Su intención era buena; buena es la que lio. Ya sabemos que el camino al infierno está empedrado con buenas intenciones… El americano de origen polaco Leo Gerstenzang es el inventor de un producto formidable y odioso a un tiempo: los bastoncillos ecológicos ¿para oídos?

bastoncillos de algodón

Muchas anécdotas nos cuentan cómo ocurrió el hecho. Una de ellas relata lo sucedido en el baño de su casa, un buen día de 1923. Leo observaba cómo su mujer, Ziuta, se las ingeniaba para armar un invento casero fijando un lóbulo de algodón sobre el extremo de una varilla de madera.
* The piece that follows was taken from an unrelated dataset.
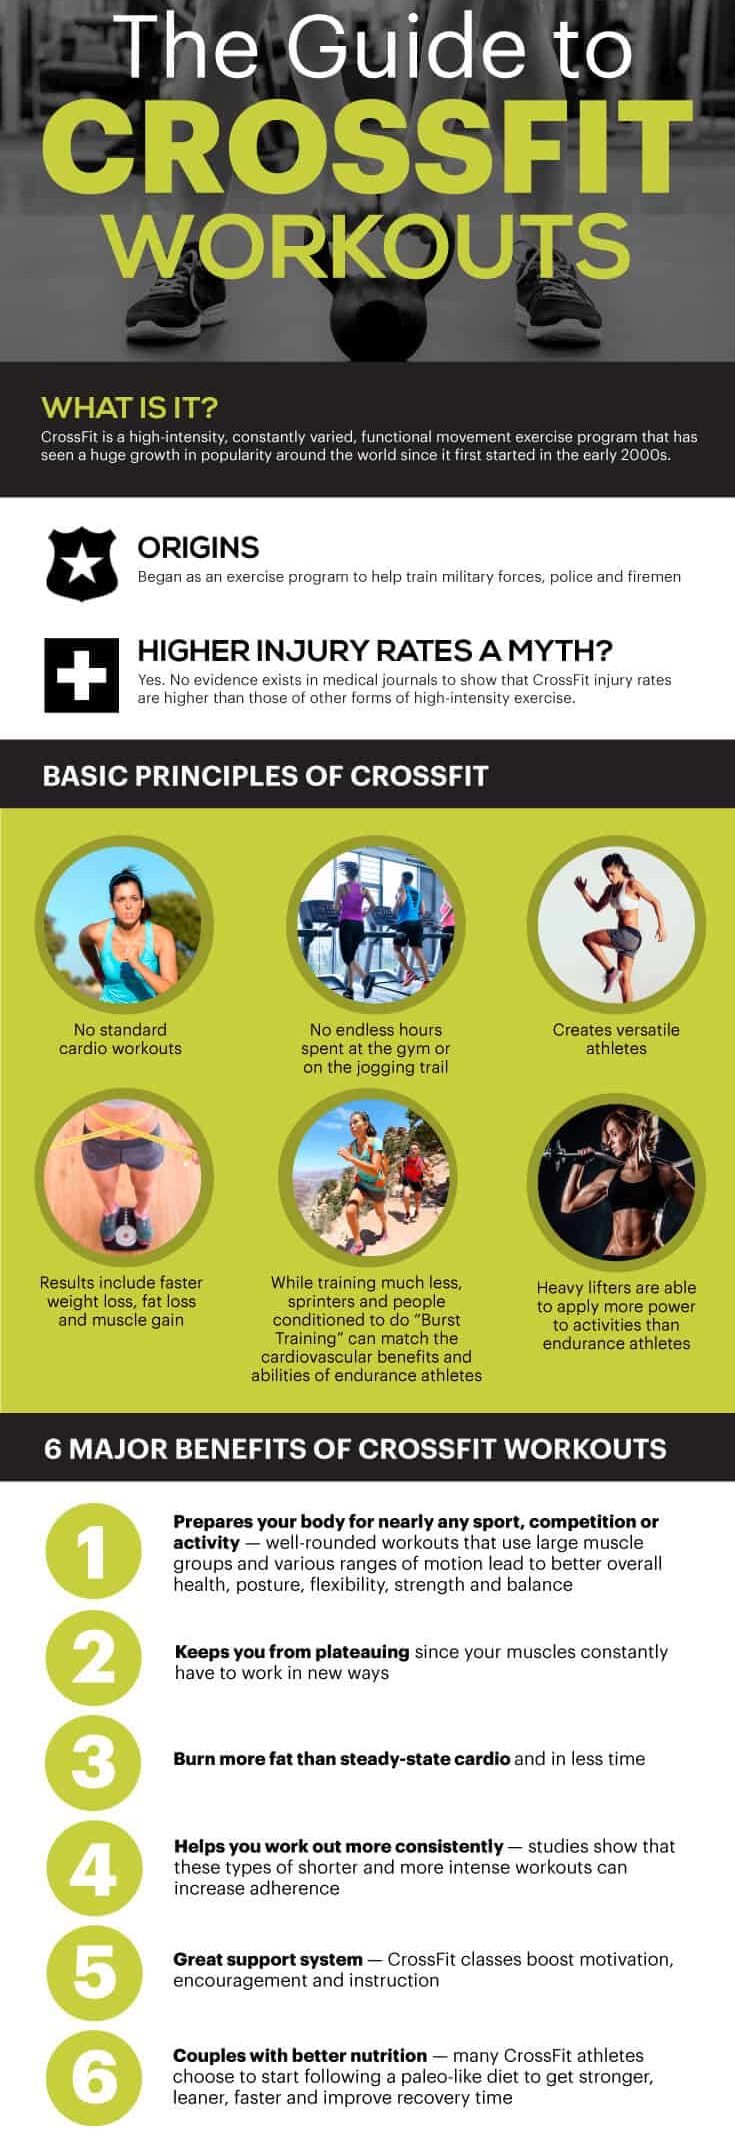 The guide to CrossFit workouts - Dr. Axe

Acto seguido limpió los oídos de su bebé con tal artilugio.

Horrorizado por que la madera pudiera astillarse en el oído del pequeño, o peor, por que la pieza de algodón se soltase y quedase atrapada en el canal, Leo decidió que iba a investigar el asunto. Quería inventar algo más seguro. Y lo hizo. Creó el primer bastoncillo de algodón.

Los primeros hisopos eran ecológicos…

No deja de ser curiosa esta anécdota porque, irónicamente, los primeros hisopos para los oídos ya eran ecológicos. En efecto, si nos olvidamos de momento del pegamento, el cuerpo del objeto era de madera y la bolita absorbente, de algodón. No obstante, el diseño del producto pronto iba a cambiar, como veremos más adelante (desde el punto de vista ecológico, para peor).

Pero antes de ver cómo y por qué se llegó al plástico, es interesante que nos hagamos otra pregunta. ¿Por qué llamamos hisopos a los bastoncillos de los oídos? ¿De dónde viene este nombre? ¿Acaso es un bálsamo? ¿Un peligroso bicho que quiere mordernos? No lo hará. Pero, al igual que la mirra, tiene propiedades medicinales.

La planta del hisopo

La palabra hisopo viene del griego hýssōpos, que a su vez viene del hebreo ēzōb. En la primera acepción del diccionario, un hisopo es:

…una planta muy olorosa de la familia de las labiadas, con tallos leñosos de 40 a 50 cm de altura, derechos y poblados de hojas lanceoladas […] planta muy común, que ha tenido alguna aplicación en medicina y perfumería

DEFINICIÓN DE HISOPO DEL DRAE

Hay que añadir que esta planta herbácea, el Hyssopus officinalis, es nativa de Europa meriodinal, el Medio Oriente y la costa del mar Caspio. Y que en Medicina se usa por sus propiedades antisépticas, antitusivas y expectorantes.

hisopo
Arbusto Hyssopus officinalis. Foto: Holger Casselmann

El aspersorio hisopo

Así que, en efecto, podemos decir que el arbusto mencionado es sin duda un hisopo ecológico. Y lo más sorprendente es con tal planta aromática se fabricaba un artilugio llamado o de igual manera, o por este extraño nombre: aspersorio. Este aspersorio es un ‘útil que sirve para asperjar agua’ y que, en su forma primitiva, no es más que un ramillete del citado arbusto.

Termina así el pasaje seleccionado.